А там и пошло, и пошло. Володарки, Свердловки, Ленинки. Улицы, библиотеки, площади, театры, университеты, поселки, огромные древние города, и все своими, своими, своими, черт возьми, именами… Ну скажи на кого мы были бы похожи, если бы, захватив власть, дорвавшись до власти, ударились бы в вакханалию переименовании и начали бы присваивать свои имена всему и направо и налево. Только по одной этой вакханалии переименований неужели нельзя увидеть, что за люди дорвались до власти?
Потом разговор мог перейти опять на рыбалку или на последнюю подборку стихов в журнале. Но колесики уже завертелись, и не может быть, чтобы человек не стал время от времени почесываться то там, то тут. Разве что совсем без пульса, мертвяга.
Или вот в Бугуруслане[71]. Местные деятели повезли меня в Аксаково. По дороге заехали в бывшее имение Карамзиных. Карамзиными был посажен там большой отличный парк, нечто вроде Ботанического сада, из всех деревьев, растущих в Среднем Поволжье. Походили, посмотрели, как запущен теперь парк, насколько бесхозен и беспризорен.
– А что стало с домом Карамзиных?
– Его разгромили во время революции.
– Кто?
– Крестьяне.
– Зачем же?
– От гнева и ярости.
– Позвольте, за что же гнев? Ведь крепостными они давно уже не были?
– Им приходилось арендовать землю у Карамзиных. Значит, приходилось отдавать и часть урожая, десятую, а то и больше.
– Ну да. Теперь-то они совсем не отдают ни зерна. Все, что вырастет, оставляют себе.
Деятель знал, конечно, и раньше, что ни зерна теперь не оставляют колхозникам, все вывозится, но как-то не задумывался об этом, и теперь у деятеля останавливается взгляд, словно ударили его по голове.
А то еще в том же Бугуруслане – библиотека в доме купца Фадеева. В верхнем этаже, где жила купеческая семья, располагается горисполком, а внизу, где были магазин и склад, теперь библиотека с читальным залом вместо магазина и склада. Но опять спрошу – почему вместо, а не вместе?

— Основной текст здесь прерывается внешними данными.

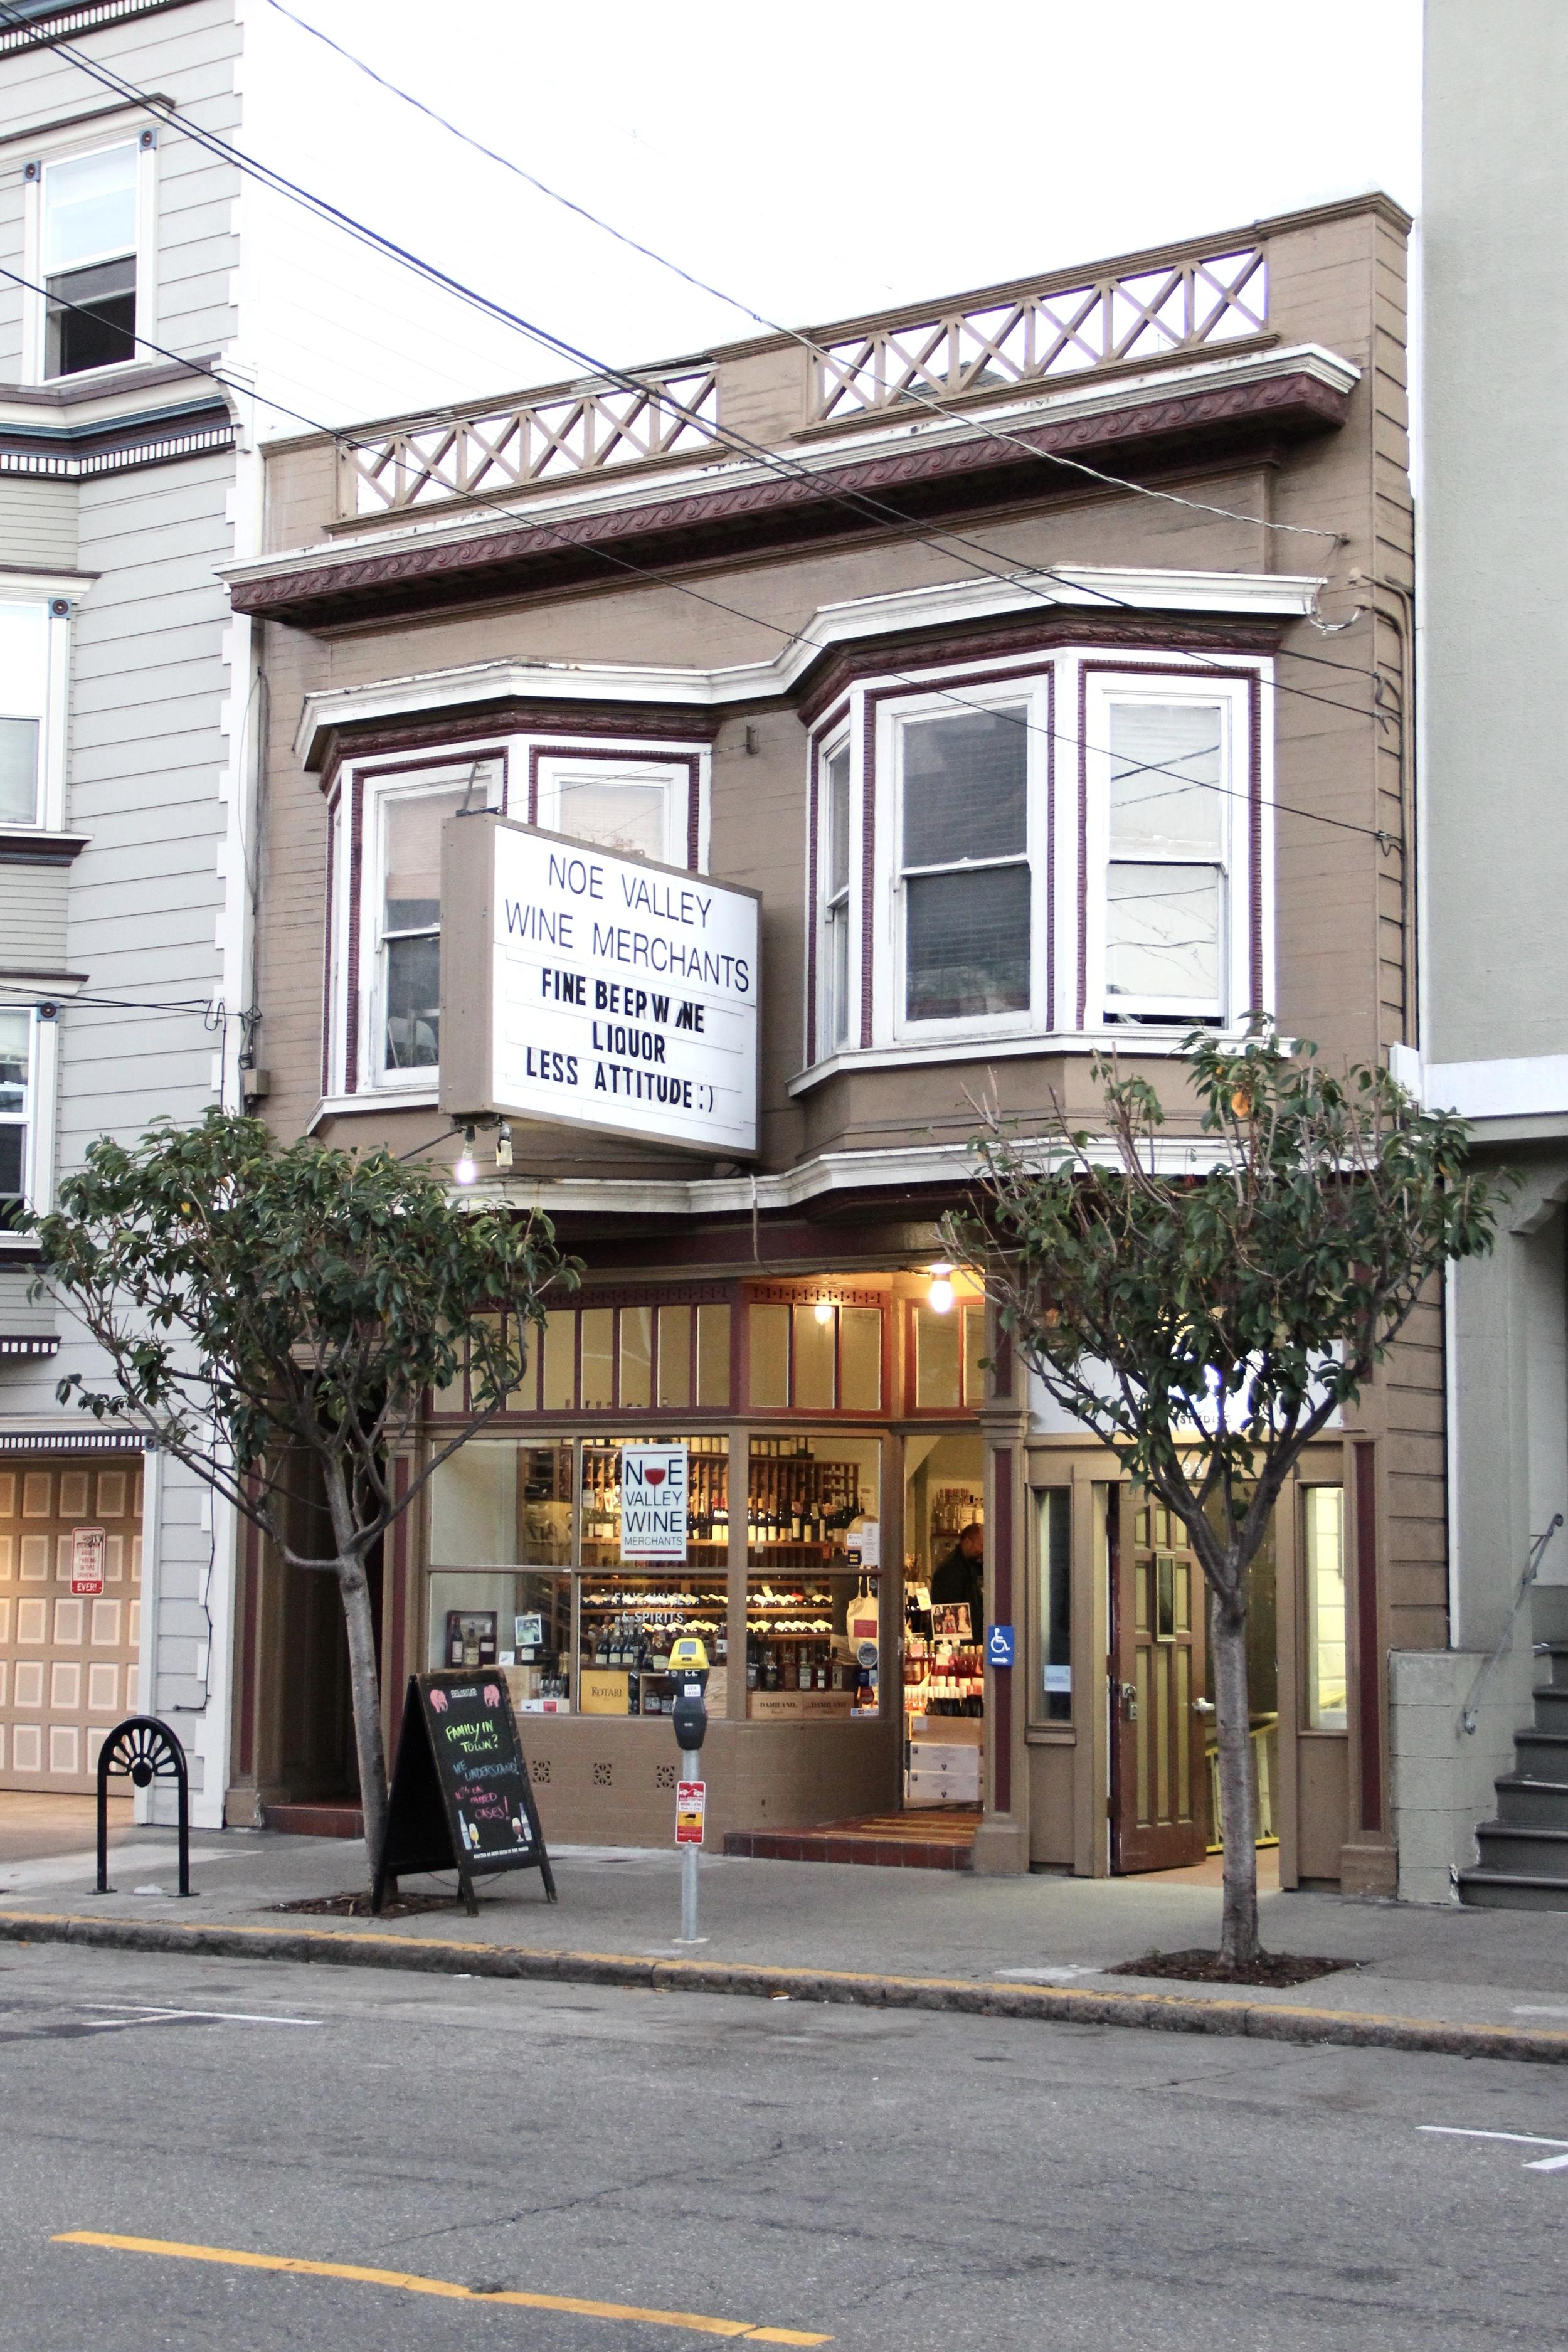 """Fine Beer Wine Liquor, Less Attitude :)"" Noe Valley, San Francisco | Beyond Ordinary Guides"

Библиотекарши, любезные и внимательные к заезжему писателю, объясняют, где был склад, а где магазин.
– Видите, крючья вделаны в потолок? Действительно, вижу крючья по всему читальному залу. – При купце Фадееве висели на них говяжьи туши. А на тех, что поменьше, – бараньи.
И смотрит на меня просветленными глазами, ждя одобрения происходящему процессу: книги вместо говяжьих туш. Но я уж третий день в Бугуруслане и знаю, что почем. Поэтому я наивно спрашиваю:
– Как, в Бугуруслане было мясо? Висели целые туши? Говяжьи? Бараньи?
Библиотекарши хлопают своими глазками, переглядываются. Одна хихикнула, одна покраснела за неосторожность московского литератора: разве можно говорить такие вещи? А сами сопоставляют в уме, не могли же не сопоставлять то, что теперь в Бугуруслане днем с огнем ни в магазине, ни на базаре не только говяжьей туши (парной, конечно), но и мороженой, жилистой какой-нибудь ни килограмма купить нельзя. Нету.
Пошли дальше, но уверен, что теперь будут иногда повнимательнее взглядывать библиотекарши на крюки в читальном зале, будет у них почесываться то там, то тут.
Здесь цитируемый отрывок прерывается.